Author(s): Locatelli F, Canaud B, Eckardt KU, Stenvinkel P, Wanner C
Patients affected by end-stage renal disease (ESRD) experience an excess of morbidity and mortality due to cardiovascular disease (CVD), which cannot be fully explained by the classical CVD risk factors. Among emerging CVD risk factors, oxidative stress is currently being given emphasis.
We achieved a consensus on key points relating to oxidative stress in ESRD patients.

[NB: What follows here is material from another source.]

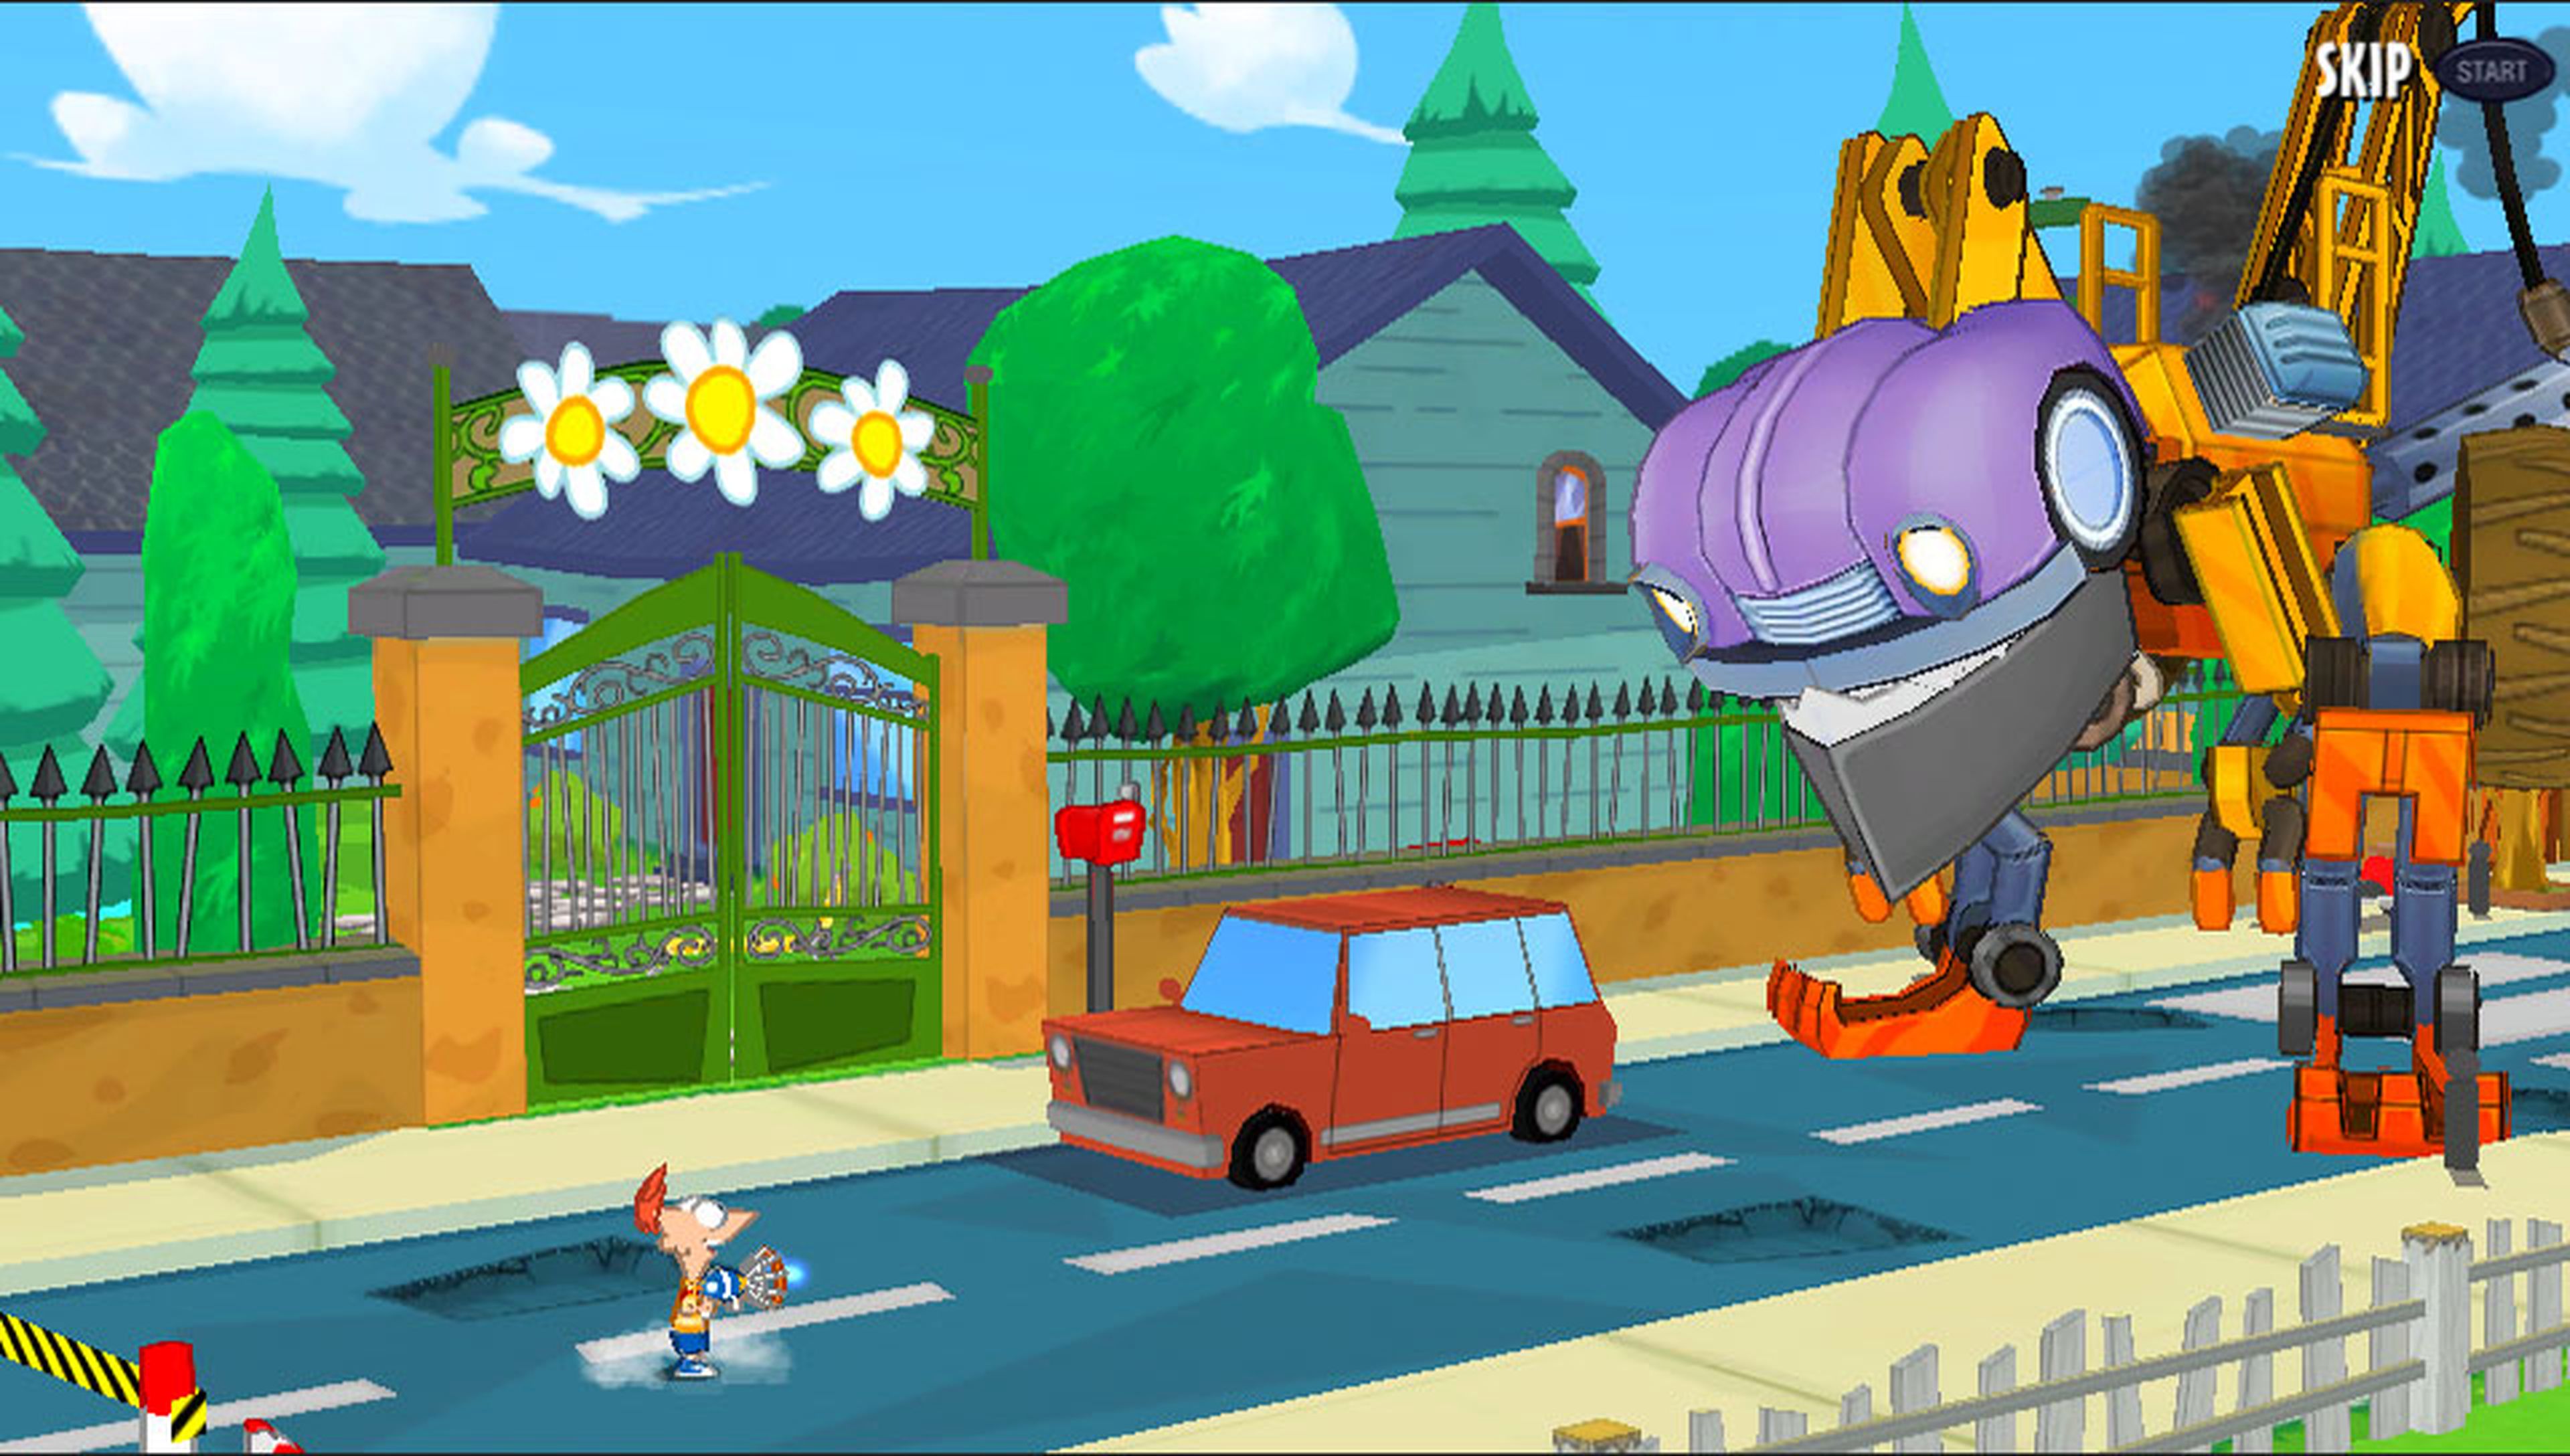 La diversión en Phineas y Ferb: El Día de Doofenshmirtz está asegurada gracias a poder pilotar naves, huir de volcanes en erupción...

ESRD patients are subjected to enhanced oxidative stress, as a result of reduced anti-oxidant systems (vitamin C and selenium deficiency, reduced intracellular levels of vitamin E, reduced activity of the glutathione system) and increased pro-oxidant activity (advanced age, high frequency of diabetes, chronic inflammatory state, uraemic syndrome, bio-incompatibility of dialysis membranes and solutions). Oxidative stress and inflammation are deeply inter-related, as different oxidant free radicals are generated by phagocytic cells in response to inflammatory stimuli: both are related to endothelial dysfunction, as the endothelium is a source and a target of oxidants and participates in the inflammatory response. There is growing evidence, from experimental and clinical studies, that oxidative stress may be implicated in the pathogenesis of atherosclerosis and other complications of ESRD, namely dialysis-related amyloidosis, malnutrition and anaemia. Given that free radicals have very short half-lives (seconds), the clinical assessment of oxidative stress is based on the measurement of different stable oxidized compounds (such as lipid peroxidation products, advanced glycation and oxidation lipid and protein products, nucleic acid oxidation derivatives) or antibodies directed against oxidized epitopes (such as anti-oxidized low-density lipoprotein antibodies). At the same time, both enzymatic anti-oxidants (superoxide dismutase, catalase, glutathione peroxidase) and non-enzymatic anti-oxidants (glutathione, vitamin C, vitamin E, negative inflammatory proteins) can be evaluated. However, many laboratory methods assessing various oxidative stress components still have to be standardized. Moreover, it is still uncertain whether it is better measuring plasma and/or intracellular concentrations or activities of these components. The possibility of improving patient outcome by therapeutic interventions aimed at reducing oxidative stress, e.g. by vitamin C or vitamin E supplementation, currently is to the fore, but results so far have remained inconclusive.
It is important to consider oxidative stress as a potentially important source of patient morbidity and mortality, although this knowledge is not yet immediately applicable in the clinical arena. Further well-designed, randomized controlled clinical trials with anti-oxidants (e.g. vitamin E, vitamin C, N-acetyl cysteine, L-arginine) are required to establish evidence-based recommendations for clinical practice.